Data below: Begin

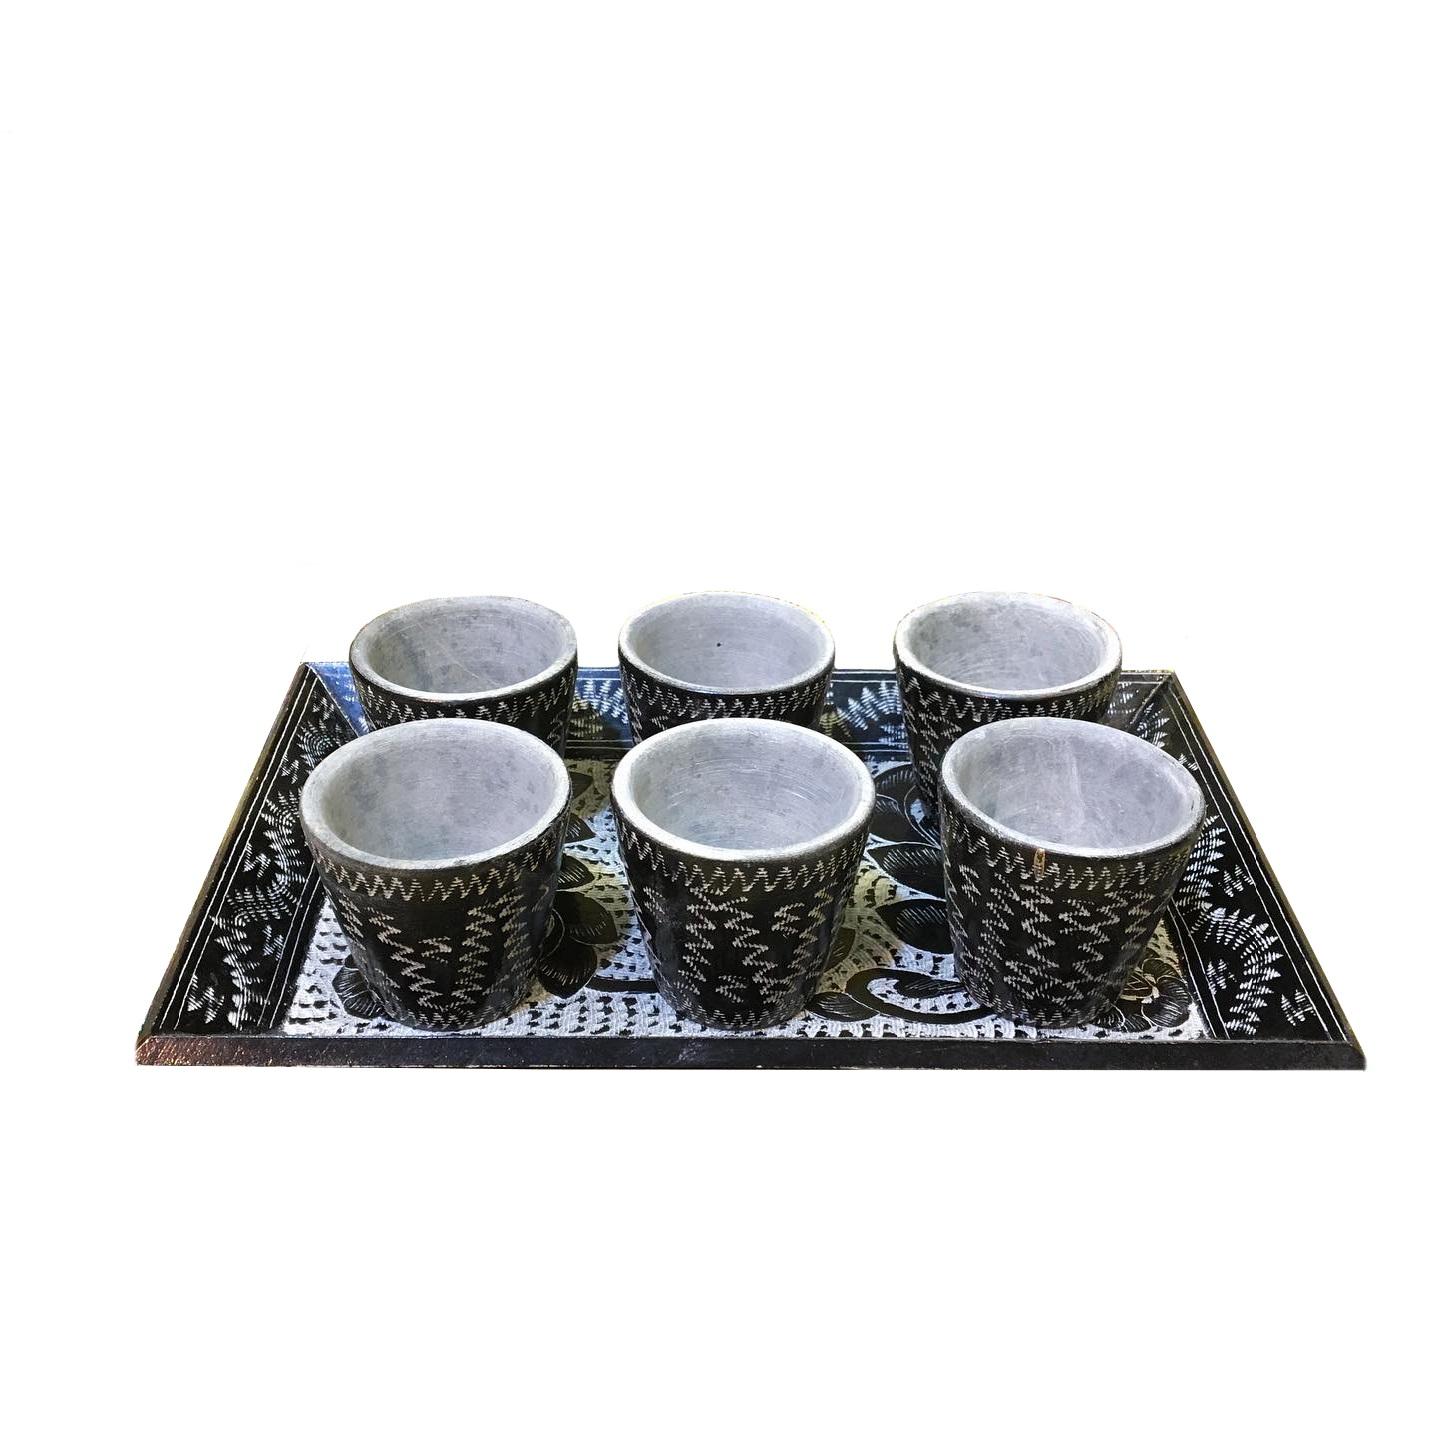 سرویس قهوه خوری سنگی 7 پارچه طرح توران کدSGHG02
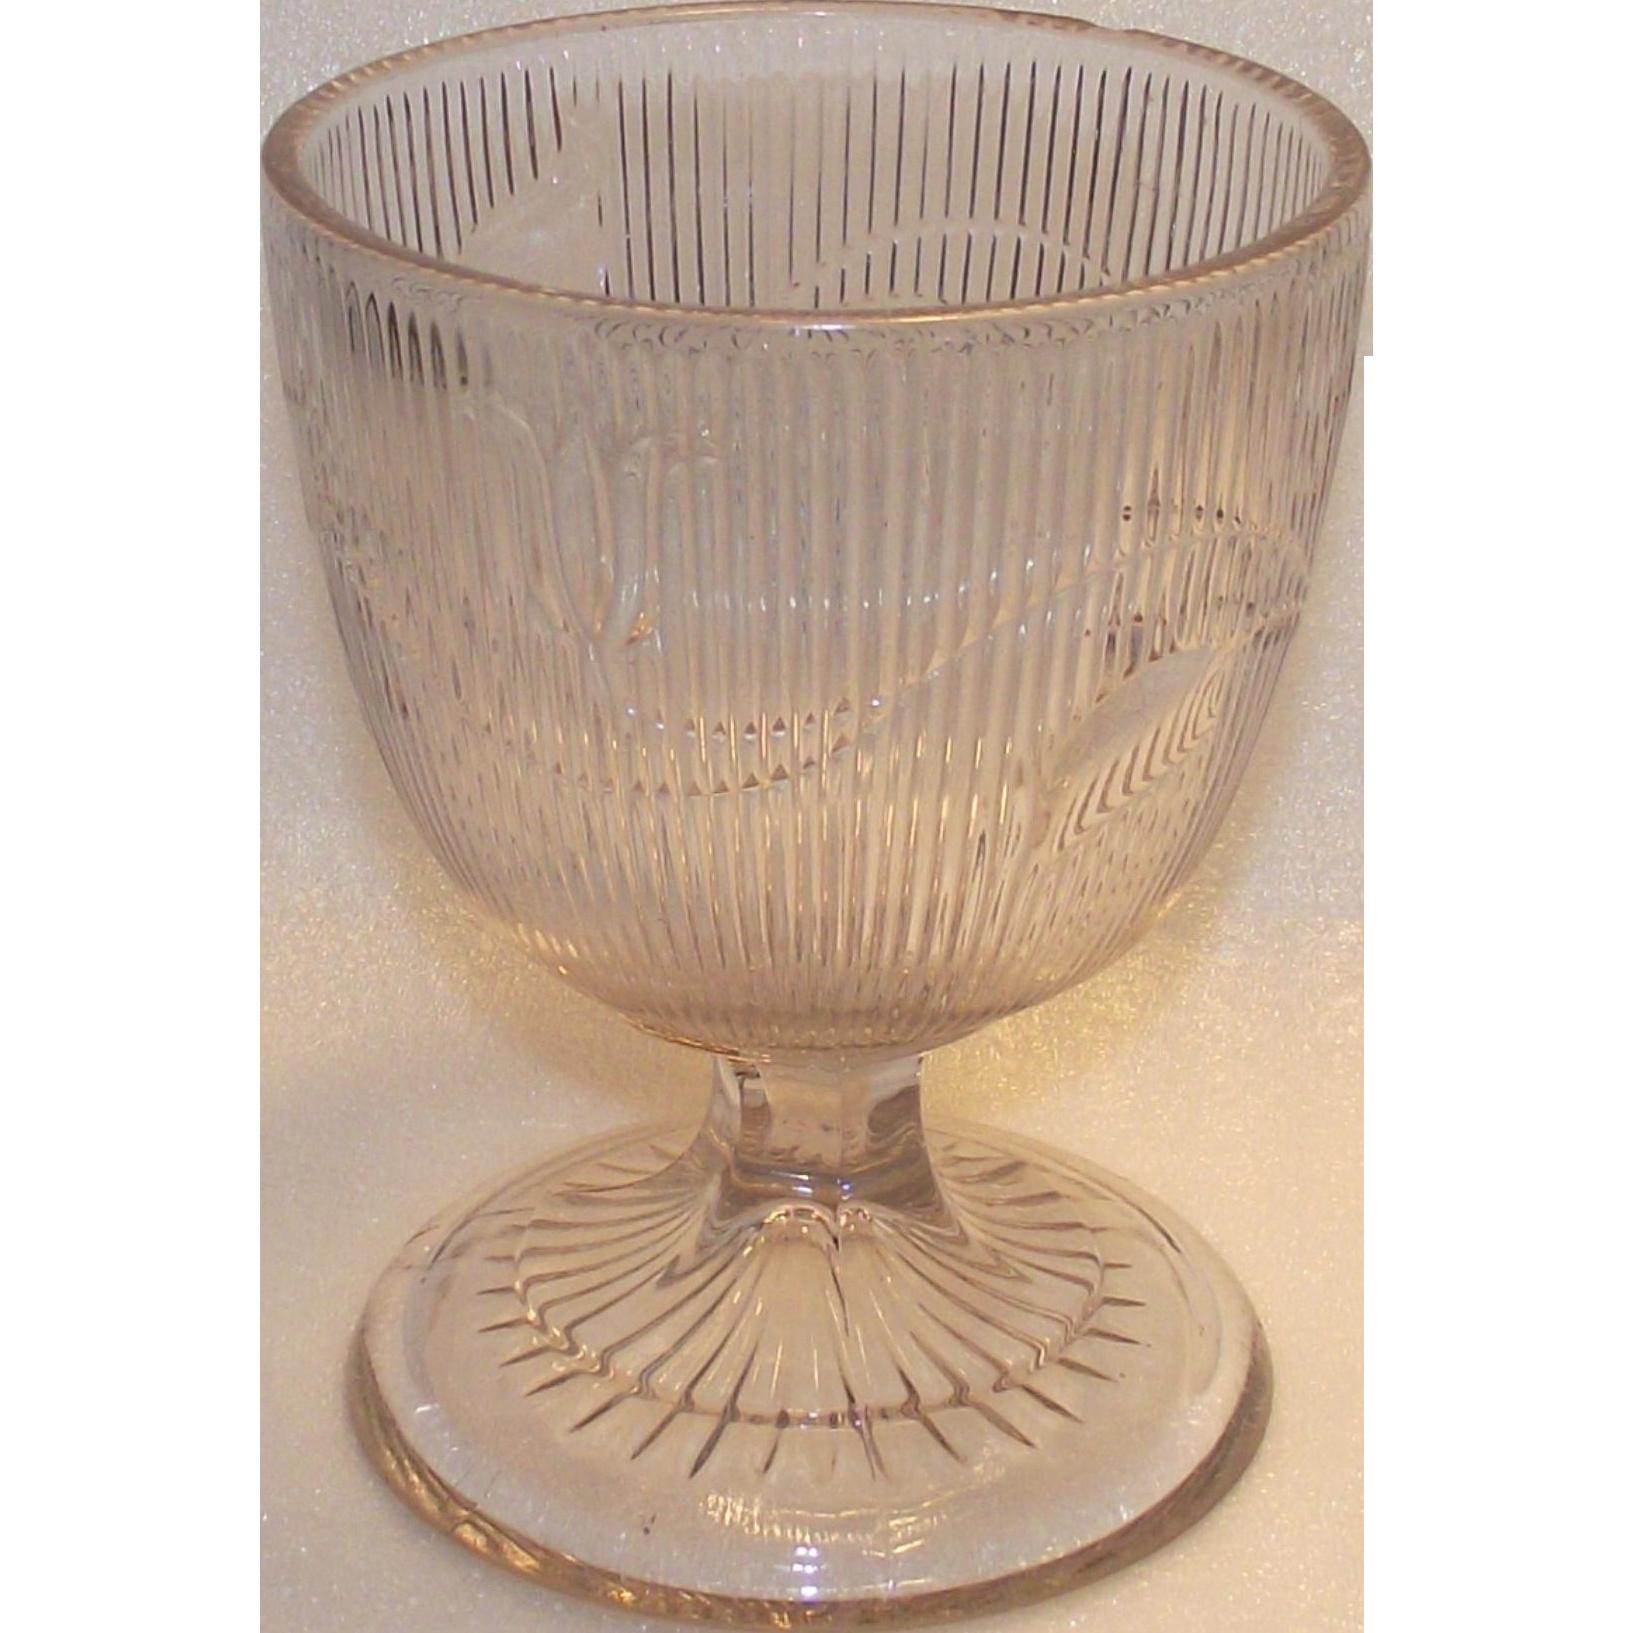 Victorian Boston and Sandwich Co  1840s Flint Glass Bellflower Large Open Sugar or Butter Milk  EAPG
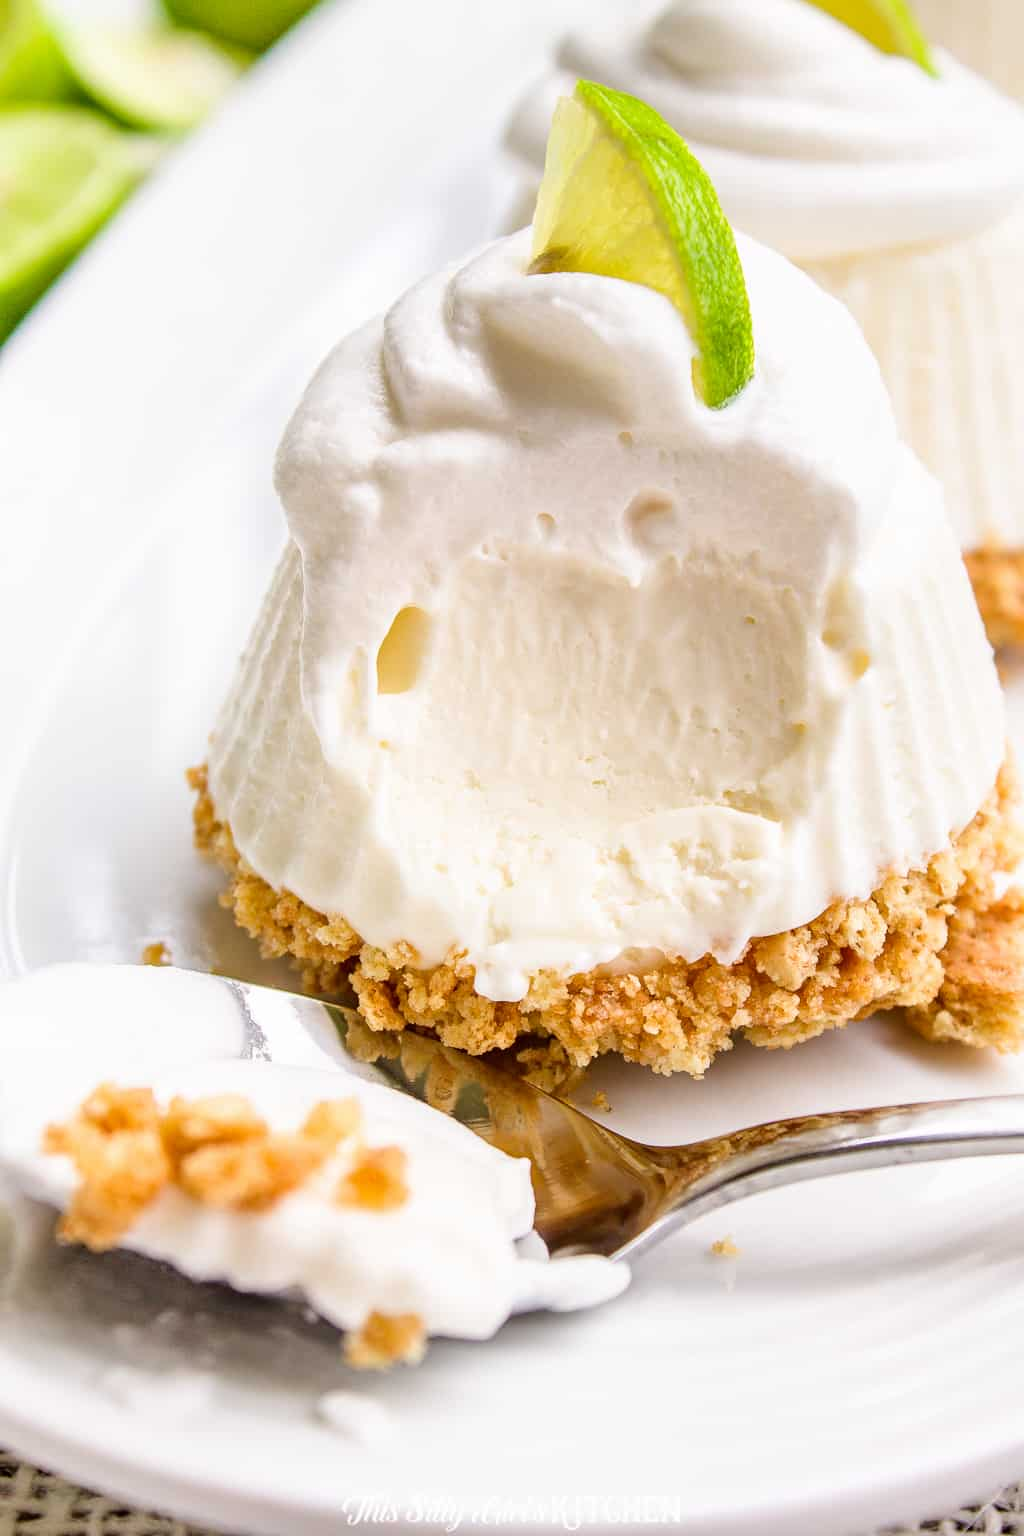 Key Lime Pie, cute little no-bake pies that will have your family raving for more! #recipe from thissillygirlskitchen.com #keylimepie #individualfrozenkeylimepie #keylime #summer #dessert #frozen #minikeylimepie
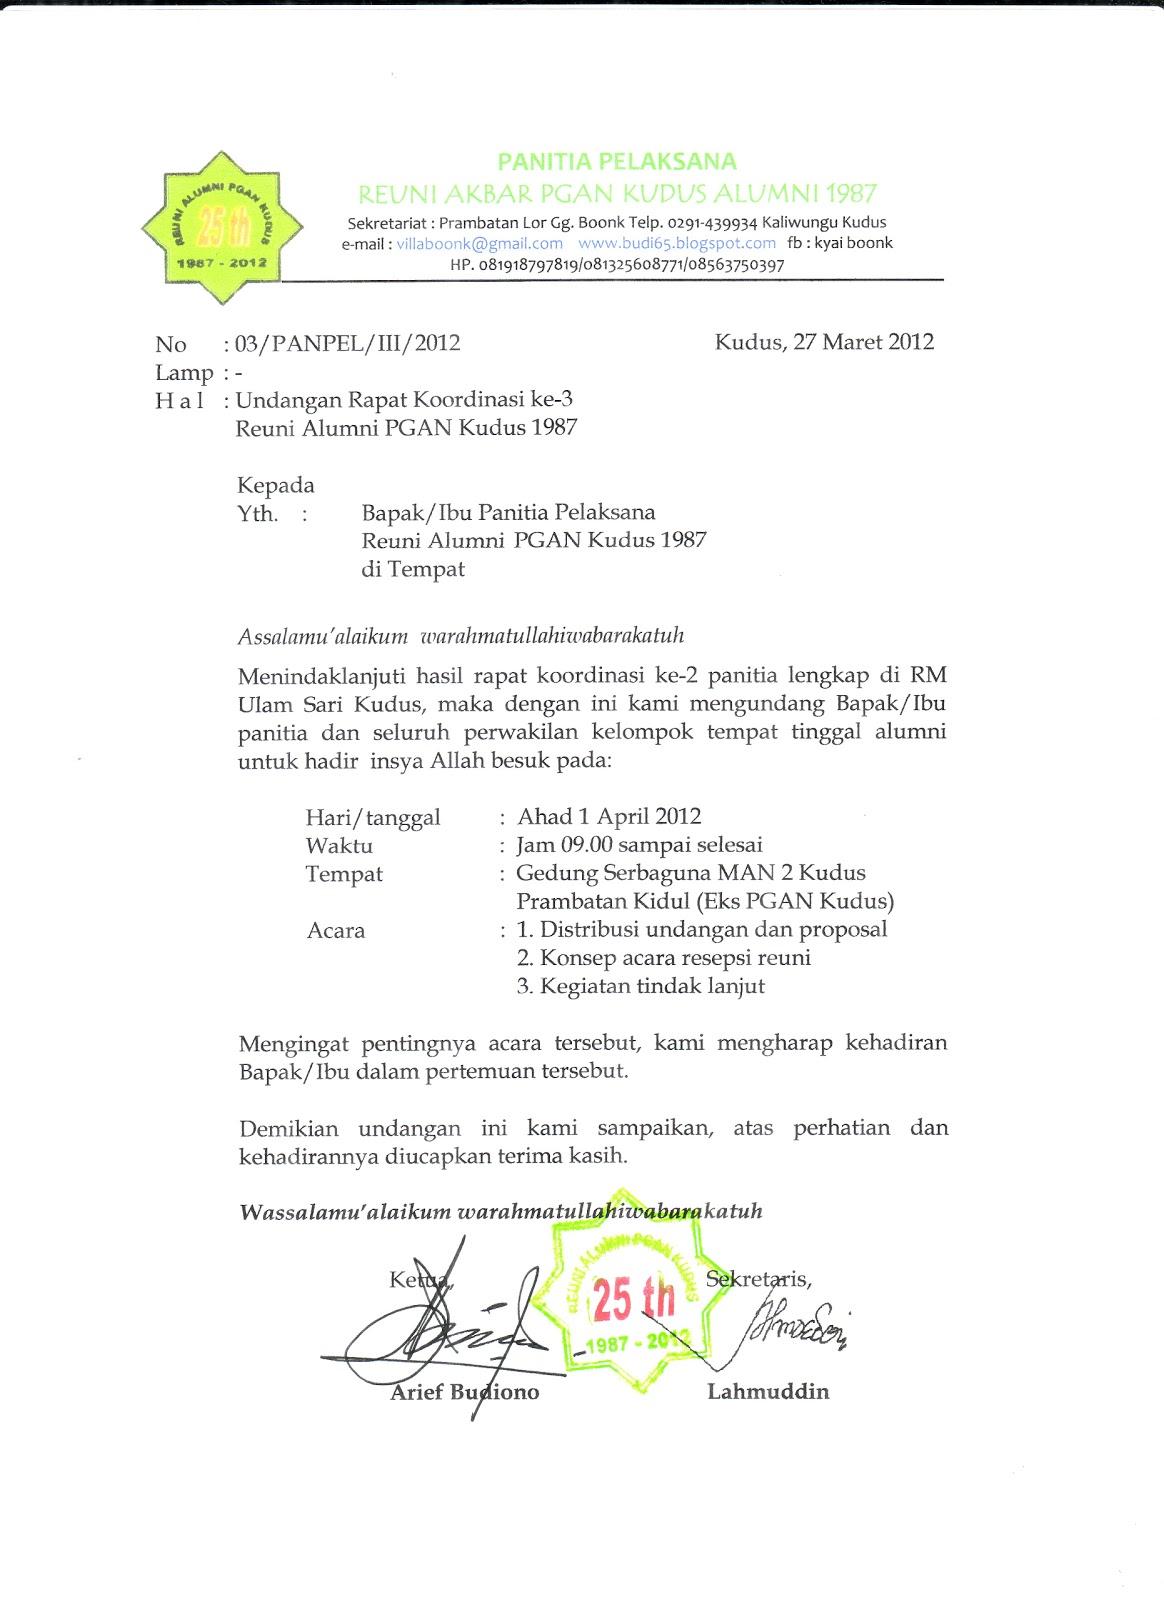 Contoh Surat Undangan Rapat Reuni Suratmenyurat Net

Data below: End

__Your instructions__: Write out only the lines from the line containing "Key Lime Pie, cute" through the end of the material above, both end lines included. Pictures are not written out.

__Completed task__:
 Key Lime Pie, cute little no-bake pies that will have your family raving for more! #recipe from thissillygirlskitchen.com #keylimepie #individualfrozenkeylimepie #keylime #summer #dessert #frozen #minikeylimepie
 Contoh Surat Undangan Rapat Reuni Suratmenyurat Net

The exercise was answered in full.